Lines 380 to 390 in a59b4ef

    
           # NOTE: For TransformerEngine executor, we want to wrap the generated 
        
           # forward function in fp8_autocast ctx manager. 
        
           # In the future, if other executor has similar requirements, we should 
        
           # add a new extension point for executors 
        
           # NOTE: For TE v1.6 onwards, `fp8_autocast` checks if `torch.is_grad_enabled` for updating 
        
           # the FP8 scales/inverses. So this decorator should be applied before `torch.no_grad` (so that 
        
           # it is in grad enabled part). 
        
           from thunder.executors.transformer_engineex import _is_te_linear_enabled, _get_te_wrapper_string 
        
           if self._include_te_fp8_autocast and _is_te_linear_enabled(import_ctx, object_ctx): 
        
               program.append(_get_te_wrapper_string())

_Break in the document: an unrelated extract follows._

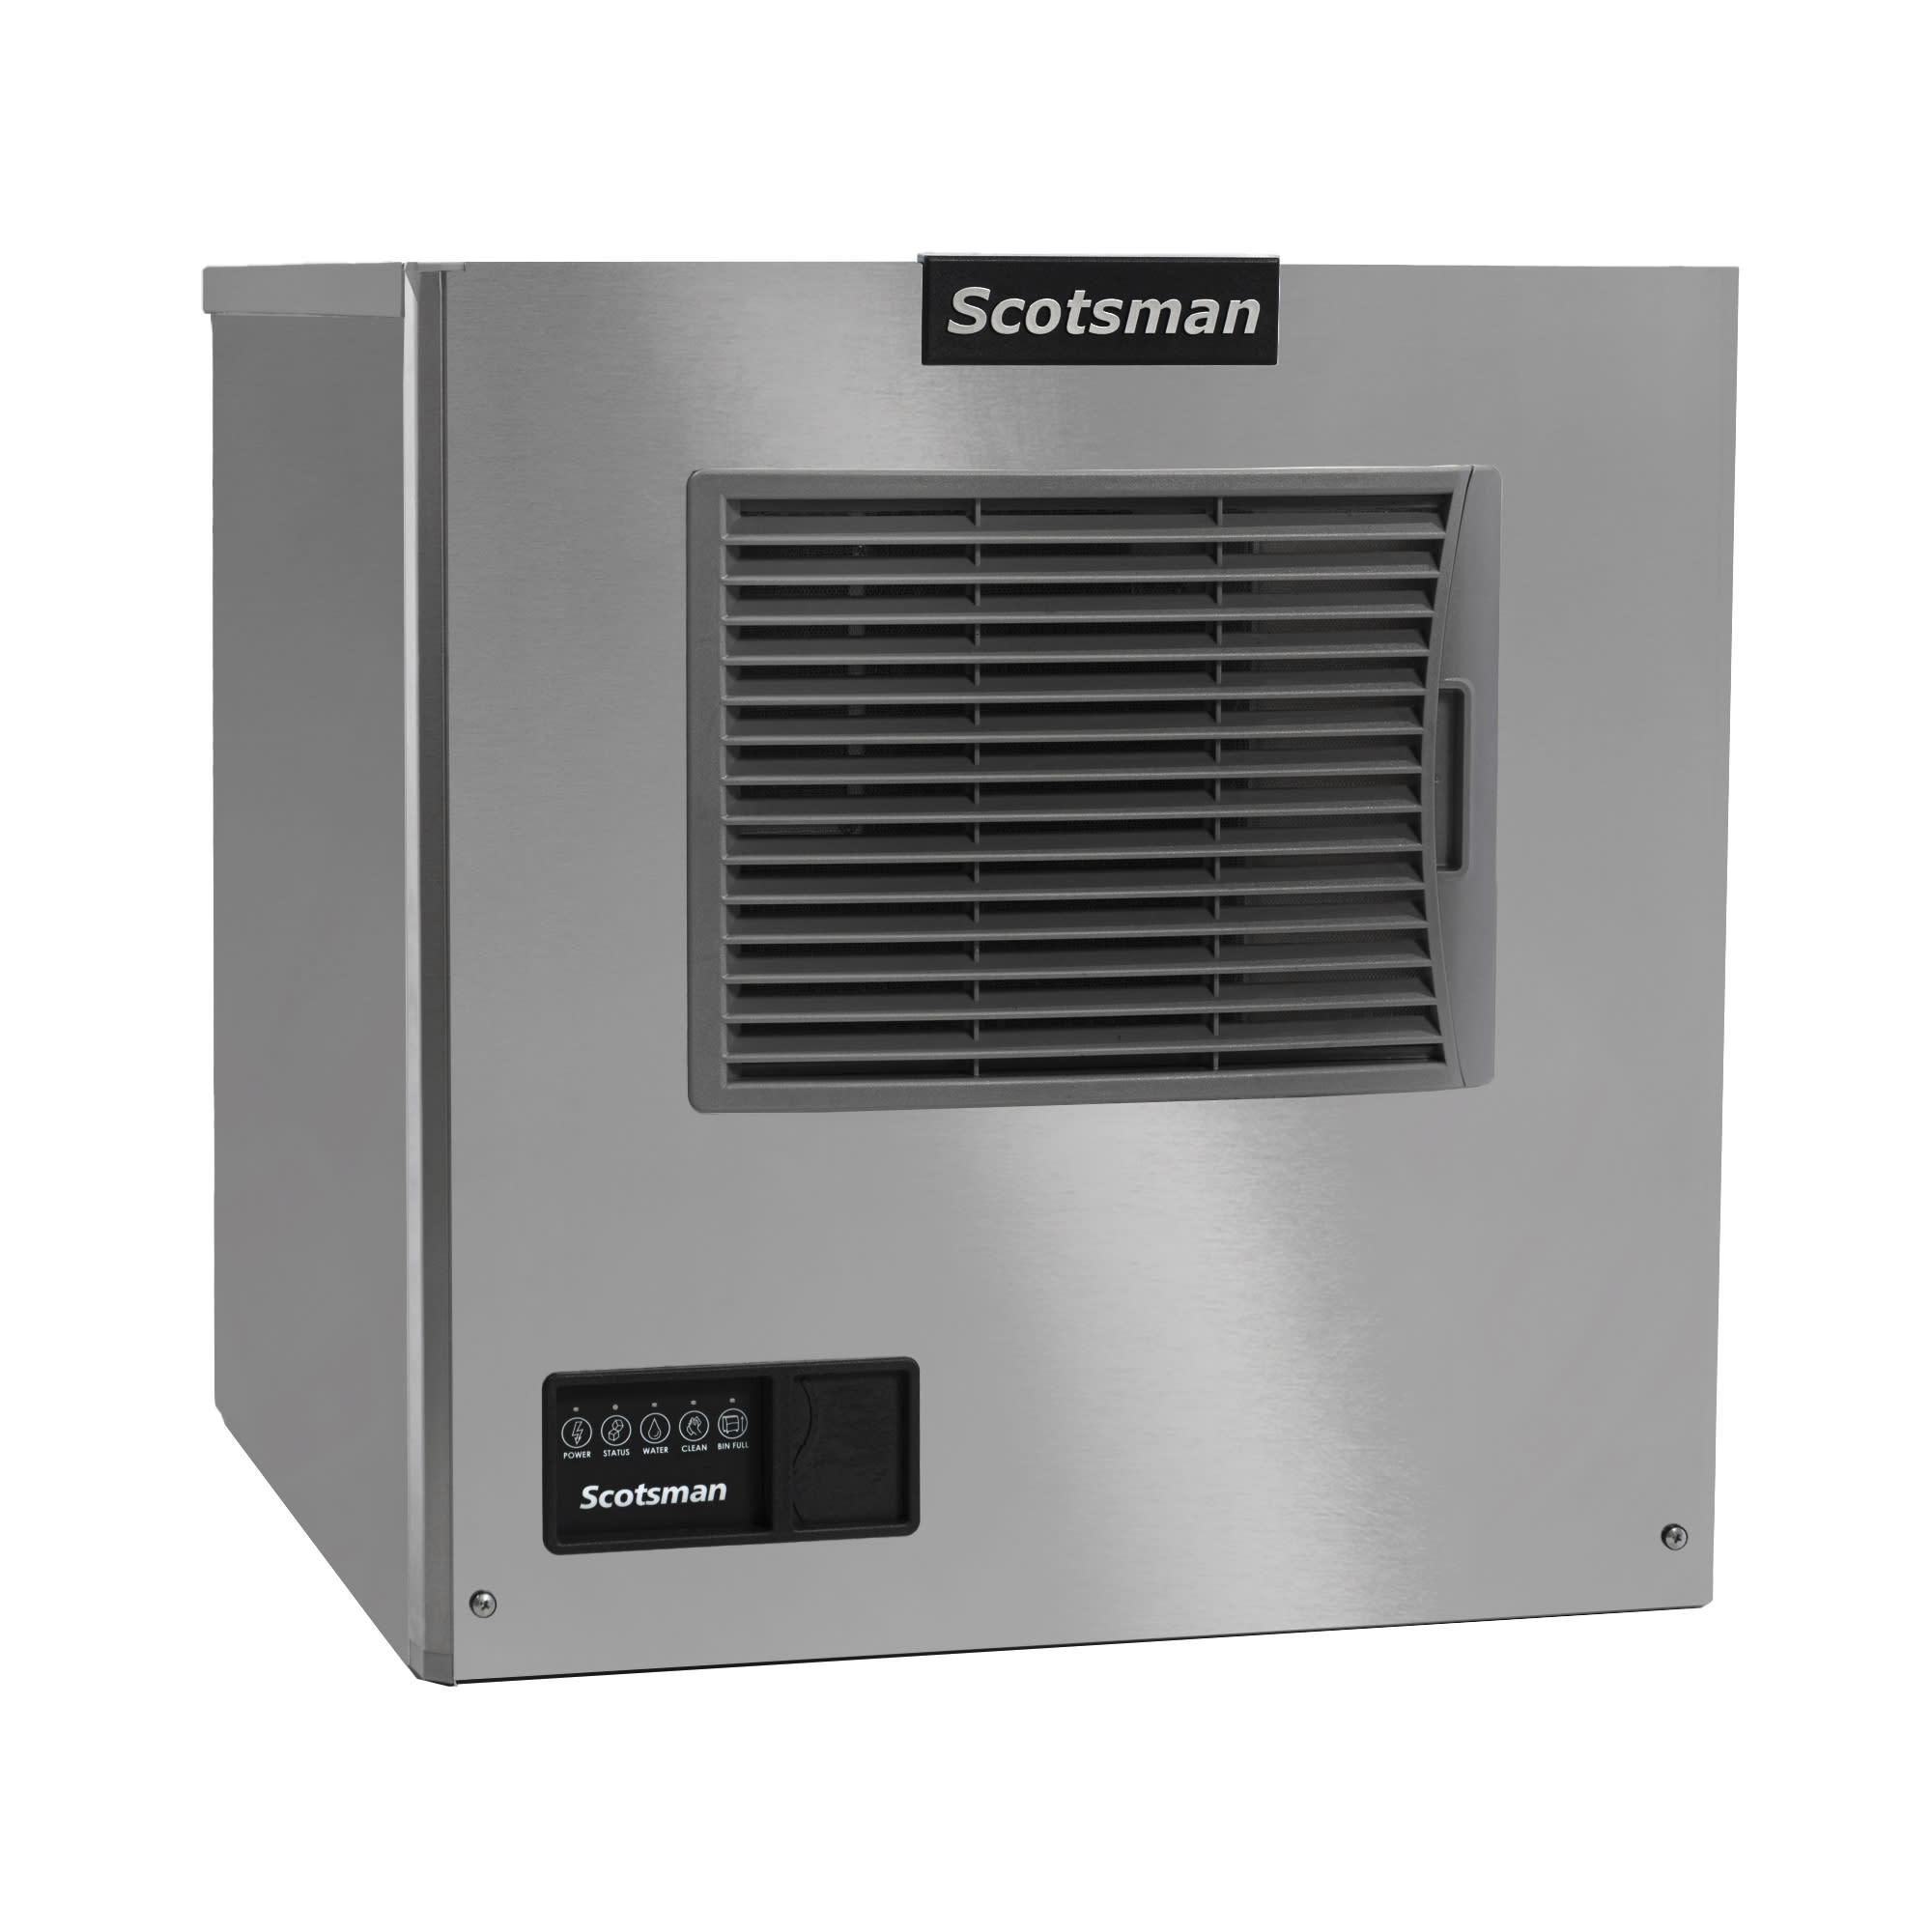 "Scotsman C0322MA-1 22"" Prodigy Plus® Full Cube Ice Machine Head - 356 lb/day, Air Cooled, 115v"

lightning-thunder/thunder/executors/torch_autograd.py

Lines 303 to 306 in a59b4ef

    
           # Enable wrapping with `te.fp8_autocast`. 
        
           fw_extrace._include_te_fp8_autocast = True 
        
           # We only want the forward function to be called with `te.fp8_autocast` manager. 
        
           bw_extrace._include_te_fp8_autocast = False

However, from_trace doesn't propagate this metadata. So, if we have an additional transform in post optimisation, which uses from_trace, it will not set this. So we will have TELinear without a fp8_autocast.

Solution -
Update from_trace to propagate this metadata.

Test -
Tested locally with newly added test. TE tests don't run on CI. However, we do run it on nightlies.

NOTE - TE Linear is only enabled for training run (i.e. when inputs have requires_grad=True).

Thanks @mattteochen for pointing that he had seen the same error when fp8_autocast was missing.

t-vi

Thank you @kshitij12345

t-vi · 2024-08-23T15:29:10Z

thunder/core/trace.py

@@ -482,6 +482,8 @@ def from_trace(trace: TraceCtx) -> TraceCtx:
    t.name_ctr = trace.name_ctr
    t.obj_name_ctr = trace.obj_name_ctr
    t.names = trace.names
+    # This is a detail for enabling transformer_engine's autocast manager.
+    t._include_te_fp8_autocast = trace._include_te_fp8_autocast


Makes me wonder whether this could / should be a compile data information ("option") rather than on the trace?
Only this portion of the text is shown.